Secondly, clause 1, to which the Minister referred in defence of his position, confers the responsibility on the authority but does not make it clear that it is its exclusive responsibility. Sure enough, responsibilities are granted to and powers are conferred on the Security Industry Authority, but the Bill does not state that the matter is exclusively the authority's concern and that in no circumstances can the directional power of the Secretary of State touch on the exclusive discretion of the authority in granting or not granting licences. If that is how the Secretary of State wants us to understand the matter, it is incumbent on the Government to draft their legislation such that the matter can brook no doubt, but they have not chosen to do so.

12.15 pm

Mr. Lilley: Is my hon. Friend aware that not only does the Bill not exclusively give the SIA that authority, but clause 13 states:

    ``The Secretary of State may by order make provision for local authorities to carry out some or all of the Authority's relevant licensing functions''?

Mr. Bercow: That is a helpful additional point on which I had not focused. It directly cuts across, contradicts and undermines the Minister's claim that these are matters only for the authority. They are matters for the authority, but that is not the same as saying that they are matters only for the authority.

The Minister says that the investigation is all that the Secretary of State has the power to direct. The trouble is that that is inconsistent with the perfectly reasonable point made by the right hon. Member for Walsall, South that the Secretary of State might have information provided to him by agencies that is not available to the Security Industry Authority. On the strength of that information, he might want to advise or direct the authority to grant or not to grant a licence. The Minister said a few moments ago by way of a subordinate clause of a sentence that it was unlikely that information about a particular individual or company would reach the Secretary of State via the intelligence services, although he did not explain why he thought that. I hope that he would accept that it is possible that such information might reach the Secretary of State and cause him to doubt a judgment reached by the SIA without that information being available to it.

If the Minister and his Department have come into possession of information that the SIA does not have, does the Minister not understand that in such circumstances the Department would not be asking the authority to conduct an investigation? In such circumstances, the SIA would not be the appropriate authority to conduct an investigation, because it would be doing so without information that the Secretary of State had and that made him believe that he was in a better position to reach a decision. Why then can the Minister not understand that a Secretary of State might want to insist on his preference, as opposed to that of the inadequately informed Security Industry Authority?

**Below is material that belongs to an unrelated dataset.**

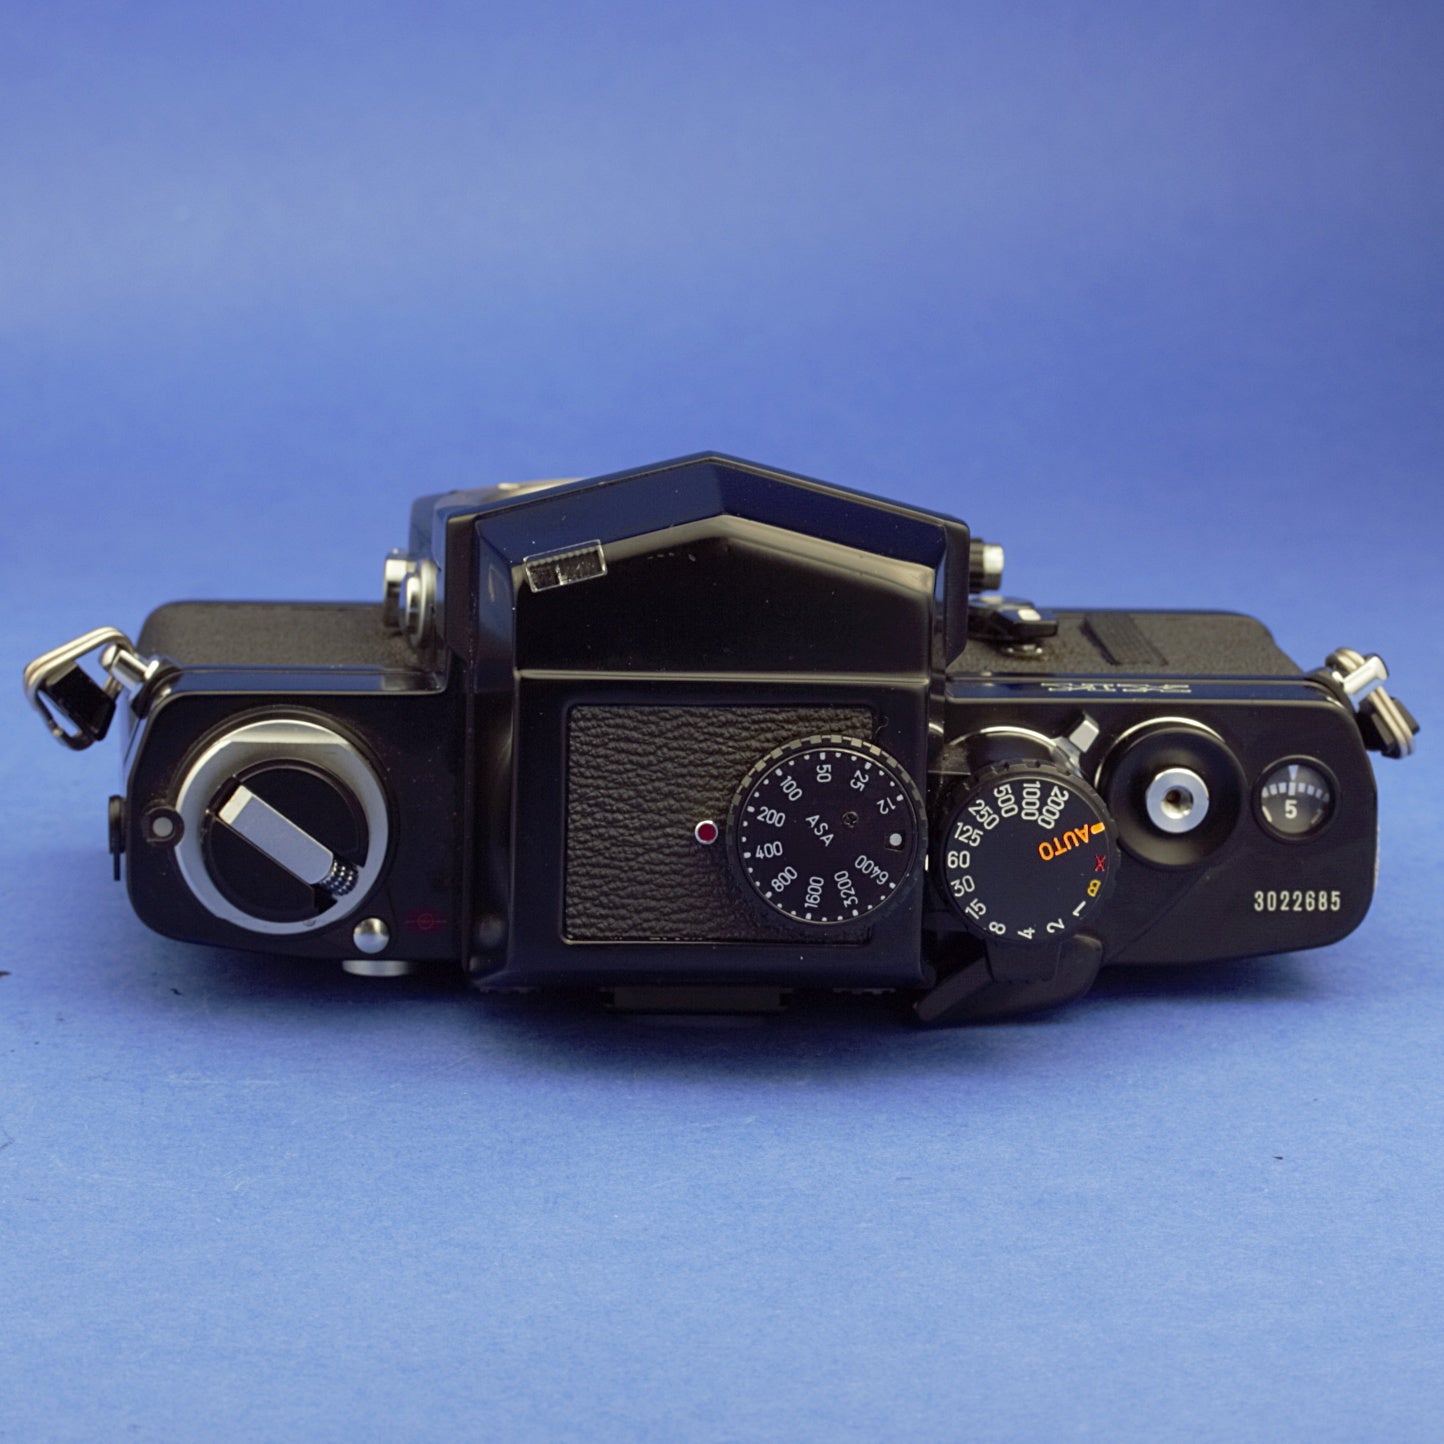 Minolta XK Film Camera Body with AE Finder Beautiful Condition

It is perfectly imaginable that such a scenario could arise. Interestingly, the Government, who are breathtakingly arrogant about such matters, are hypersensitive. Perhaps that is because we sometimes attack them, justifiably, with some vigour.

I am perfectly prepared to concede that a scenario such as the right hon. Member for Walsall, South describes could arise. Ministers might have information provided to them that the SIA does not have. In such circumstances, they would not be asking for an investigation to be conducted. They would probably be saying that, given the incontrovertible information that they have, a licence should not be granted: ``Please do not do so'', or ``Thou shalt not do so.'' I am saying not that that is necessarily objectionable but that such a scenario is likely to arise, so the Minister should be prepared to clarify the extent of the power in the Bill. He should not pretend that a situation might or might not arise, or that the Government are proposing to confer on themselves a lesser power than that which they are intent on conferring.